リモートブランチの変更をローカルブランチに取り込みます(fetch + merge)。

オプション 説明
--rebase マージの代わりにリベースを使用
--no-commit 自動コミットせずに変更をステージング
--ff-only Fast-forwardのみ許可(マージコミットを作成しない)
--prune リモートで削除されたブランチの参照を削除

例:

git pull - 現在のブランチに対応するリモートブランチから変更を取得してマージ
git pull origin main - originリモートのmainブランチから変更を取得してマージ
git pull --rebase - リモートの変更を取得し、ローカルの変更をリベース
git pull --ff-only - Fast-forwardできる場合のみプル(マージコミットを作成しない)

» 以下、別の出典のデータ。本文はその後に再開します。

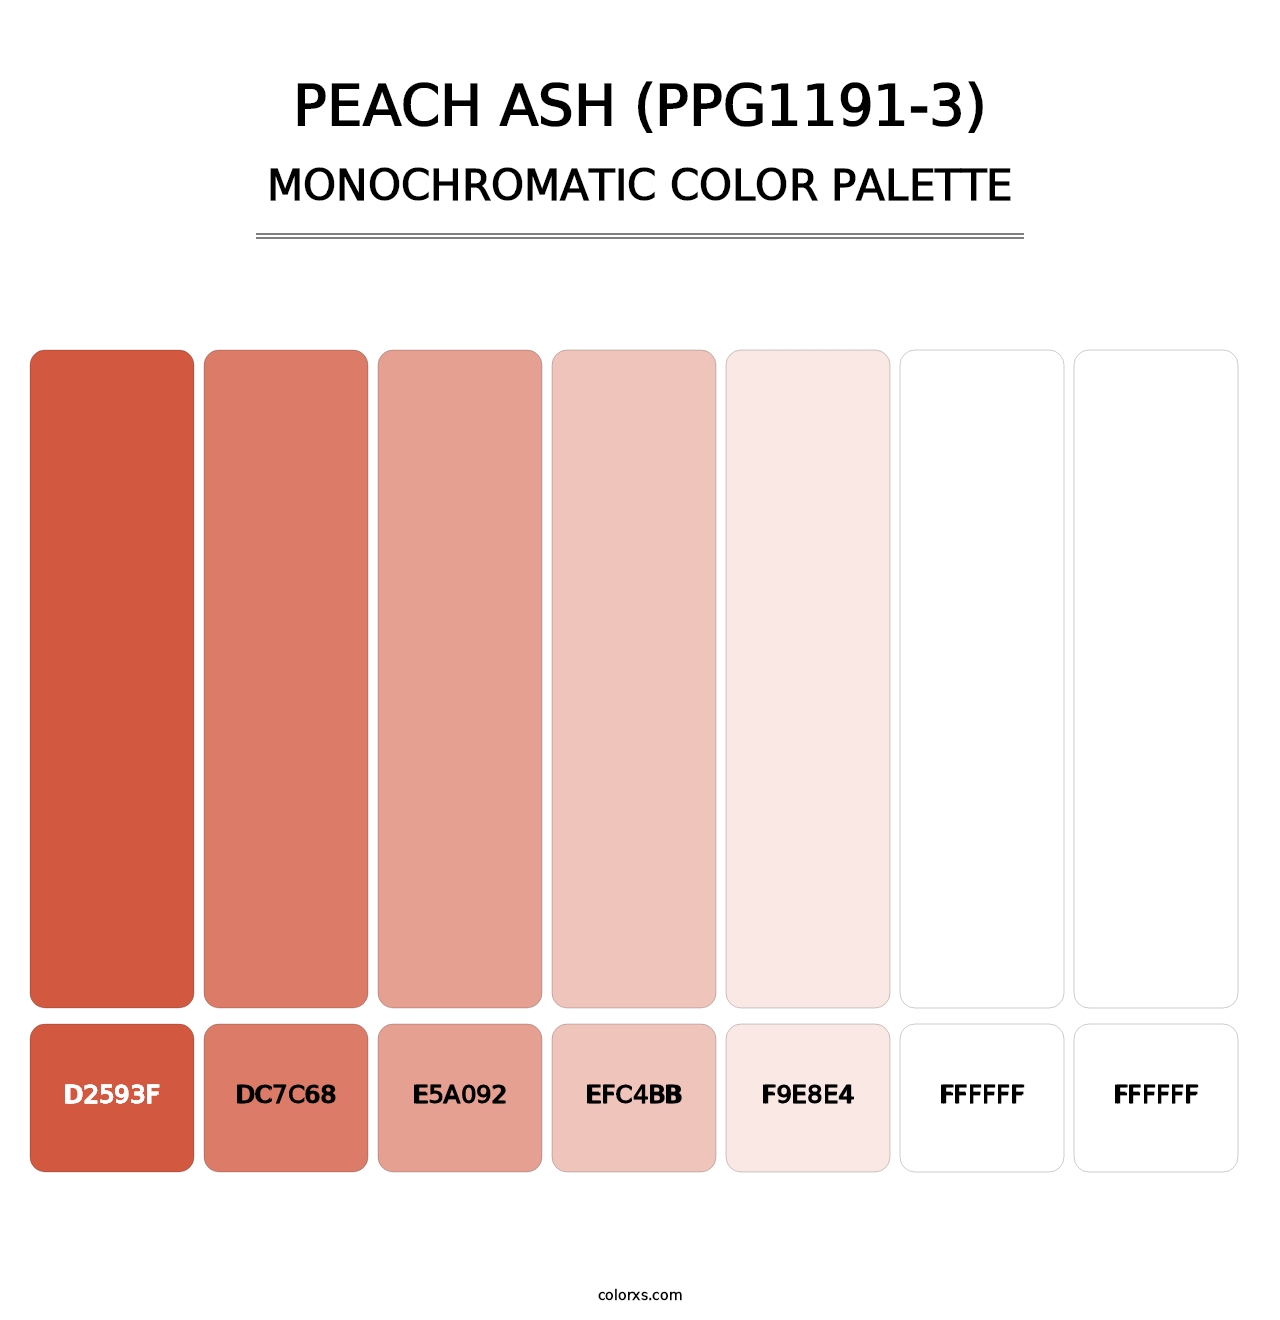 Peach Ash (PPG1191-3) - Monochromatic Color Palette

git fetch - リモートの変更をローカルに取得(マージはしない)

リモートリポジトリから変更を取得しますが、ローカルブランチにはマージしません。

オプション 説明
--all すべてのリモートから取得
--prune リモートで削除されたブランチの参照を削除
--tags すべてのタグを取得
--depth=<深さ> 指定した深さまでの履歴のみを取得

例:

git fetch - デフォルトリモート(通常はorigin)から変更を取得
git fetch origin - originリモートから変更を取得
git fetch --all - すべてのリモートから変更を取得
git fetch --prune - リモートで削除されたブランチの参照も削除
git fetch origin main - originリモートのmainブランチのみ取得

git pullとgit fetchの違い - 詳細な比較

git pullgit fetchはどちらもリモートリポジトリからデータを取得するコマンドですが、 その動作と用途には重要な違いがあります。

基本的な違い

git fetch git pull
リモートリポジトリからデータを取得するだけで、ローカルの作業ブランチには変更を加えない リモートリポジトリからデータを取得し、自動的にローカルの作業ブランチにマージ(または指定した場合はリベース)する
安全な操作:現在の作業に影響を与えない マージによってコンフリクトが発生する可能性がある
2ステップ操作の最初のステップ(後で手動でマージするため) 1ステップ操作(fetchとmergeを自動的に実行)

内部動作の違い

git fetchの動作:

  1. リモートリポジトリから最新のコミット履歴をダウンロード
  2. ローカルのrefs/remotes/を更新(例:refs/remotes/origin/main
  3. ローカルの作業ブランチ(refs/heads/mainなど)は変更されない
  4. ダウンロードしたコミットはローカルの.git/objectsディレクトリに保存される

git pullの動作:

  1. git fetchを実行してリモートの変更を取得
  2. その後、自動的にgit merge(または--rebaseオプションを指定した場合はgit rebase)を実行
  3. ローカルの作業ブランチが更新される

使い分けのポイント

git fetchを使うべき場合:

  • リモートの変更を確認してから統合したい場合
  • マージする前に変更内容を詳しく調査したい場合
  • 現在の作業を中断せずにリモートの最新状態を知りたい場合
  • 複数のリモートブランチの変更を選択的に統合したい場合

git pullを使うべき場合:

  • リモートの変更をすぐに統合したい場合
  • リモートの変更が自分の作業と競合しないことが分かっている場合
  • 迅速に最新の状態に更新したい場合

fetchした後の変更確認とマージ

fetchした後、以下のコマンドでリモートとの差分を確認できます:

git diff main origin/main - ローカルのmainブランチとリモートのmainブランチの差分を表示
git log main..origin/main - リモートにあって、ローカルにないコミットを表示
git log -p main..origin/main - 差分のあるコミットの詳細な変更内容も表示

確認後、マージする場合は:

git merge origin/main - リモートの変更をローカルブランチにマージ
git rebase origin/main - リモートの変更をベースにローカルの変更を再適用

ワークフロー例: 多くの開発者は、git fetchを使って変更を確認してから、明示的にgit mergeまたはgit rebaseを実行するワークフローを好みます。これにより、リモートの変更を統合する前に、その内容を理解し、潜在的な問題を特定する機会が得られます。